Wiki community[edit | edit source]
The “wiki community” is defined as the collective group of editors on each of the wikis operated by the company, excluding people with blocked wiki accounts.
Wiki community editorship does not give membership rights.
The wiki community may, through a proposal on one of the wikis that gains community consensus as defined by the community’s internal consensus policies, direct the members to take/refrain from taking an action or to pass/refrain from passing a resolution.
If there is a dispute over whether or not community consensus has been reached, the chairperson shall make a final ruling on whether consensus was reached.
A community proposal does not invalidate anything done by the members before the proposal passed.
The proposal is invalid if it would be ineffective (e.g. by law or inconsistency with the constitution) if passed; it is defamatory of any person or it is frivolous/vexatious.
The wiki community may direct members to discuss a topic at the next general meeting by a proposal.

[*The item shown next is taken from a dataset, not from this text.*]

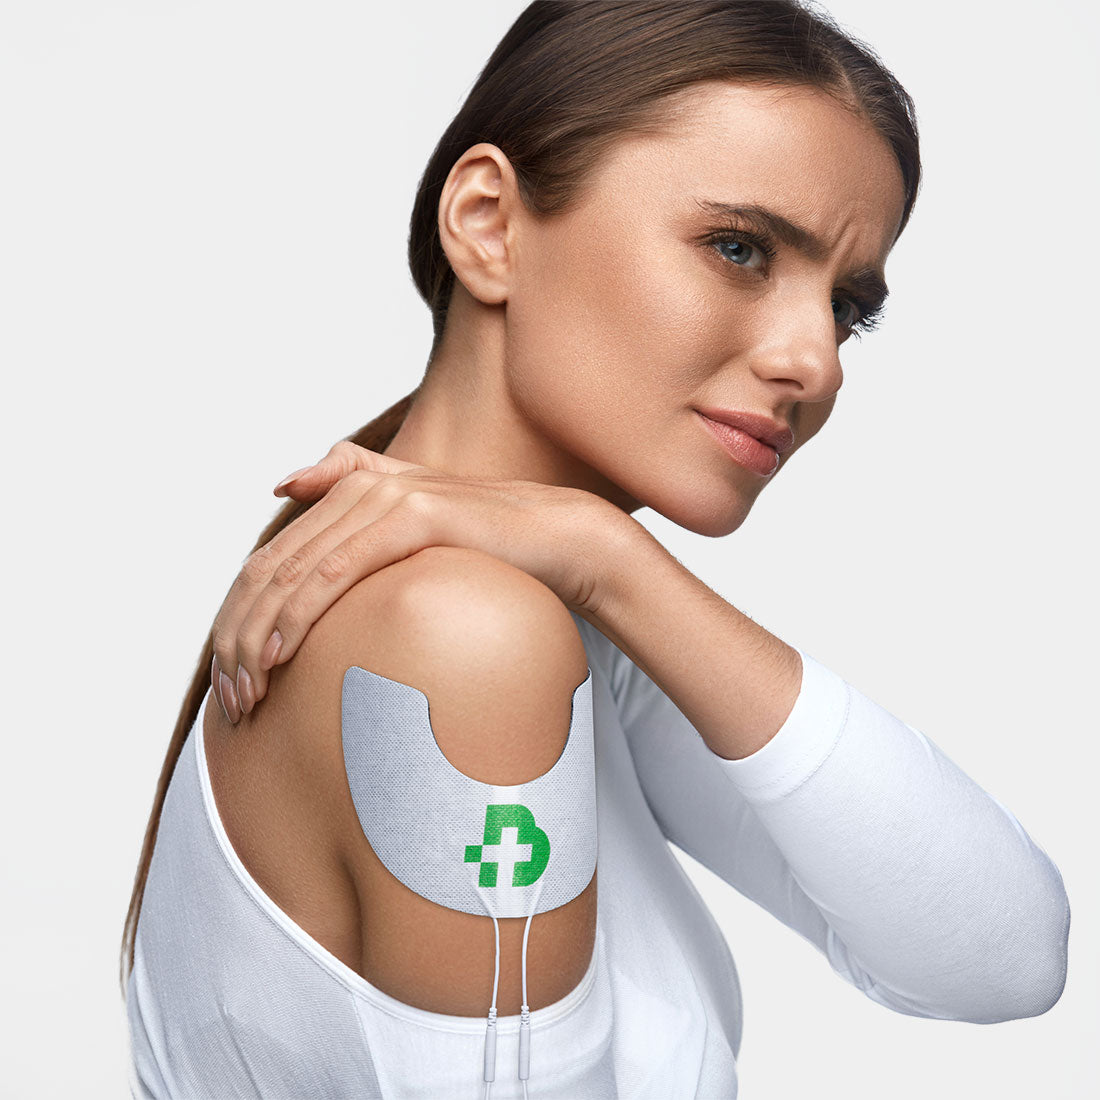 TESMED SHOULDER: 2 hochwertige Elektroden für die Schulterbehandlung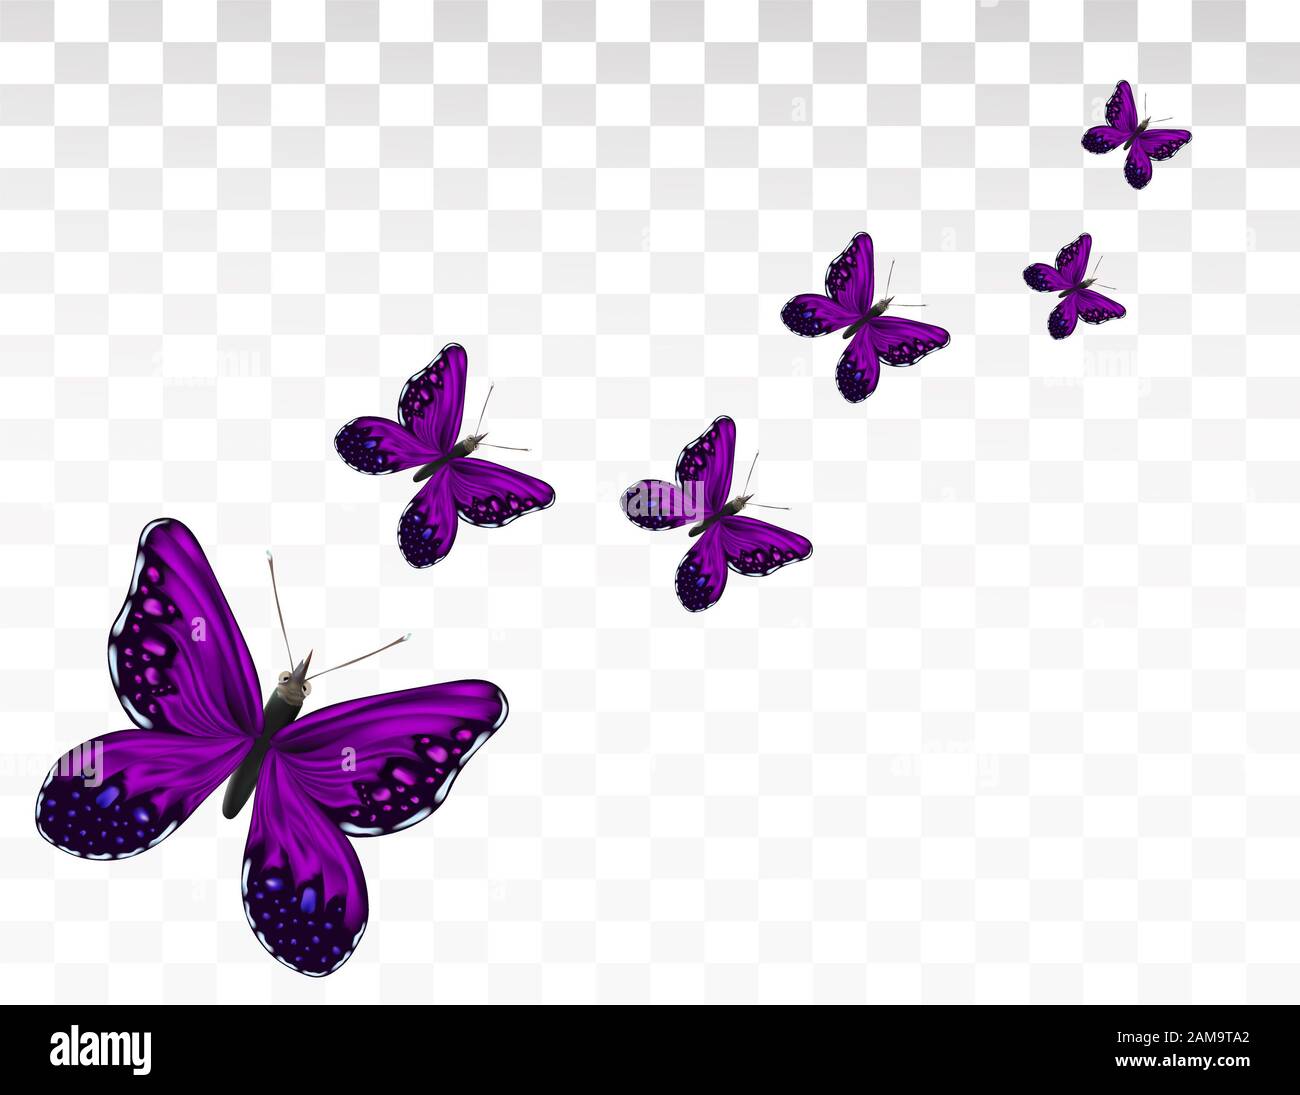 Đắm chìm trong sắc màu tuyệt đẹp của bướm đang tung cánh trên nền trong suốt, bạn sẽ được trải nghiệm một khoảnh khắc thật tuyệt vời với hình ảnh này. Hãy cùng chiêm ngưỡng và cảm nhận sự mê hoặc của bướm đẹp bay tít này.

The proposal does not need community consensus to be discussed.
Administrative arrangements[edit | edit source]
No person, including members, except as provided for by law, an ordinary resolution or authorisation from the directors entitled to inspect company accounts or other records or documents.
The directors may decide to put into place provisions for current or former employees (other than directors) in the event of the company ceasing to exist or transfering in part or in whole.
If an article or paragraph within the articles is invlaid, illegal or unenforceable, the validity, legality and enforceability of the remaining articles and paragraphs shall not be affected.
In the event of a director or former director of the company or associated company being liable in connection with any negligence, default, breach of duty or breach of trust in relation to the company or an associated company; in connection with the activities of the company or an associated company in its capacity as a trustee of an occupational pension scheme (as defined in section 235(6) of the Companies Act 2006); or in any other situation resulting from the director’s position as an officer of the company or an associated company the director’s costs may be taken out of the company’s assets.
If the director is liable due to activity that is prohibited by any provision of the Companies Acts or by any other provision of law then this does not apply.
The directors may choose to purchase and maintain insurance at the company’s expense to protect current and former directors or the company and associated companies against loss which has been or may be incurred by a relevant director in connection with that director’s duties or powers in relation to the company, any associated company or any pension fund or employees’ share scheme of the company or associated company.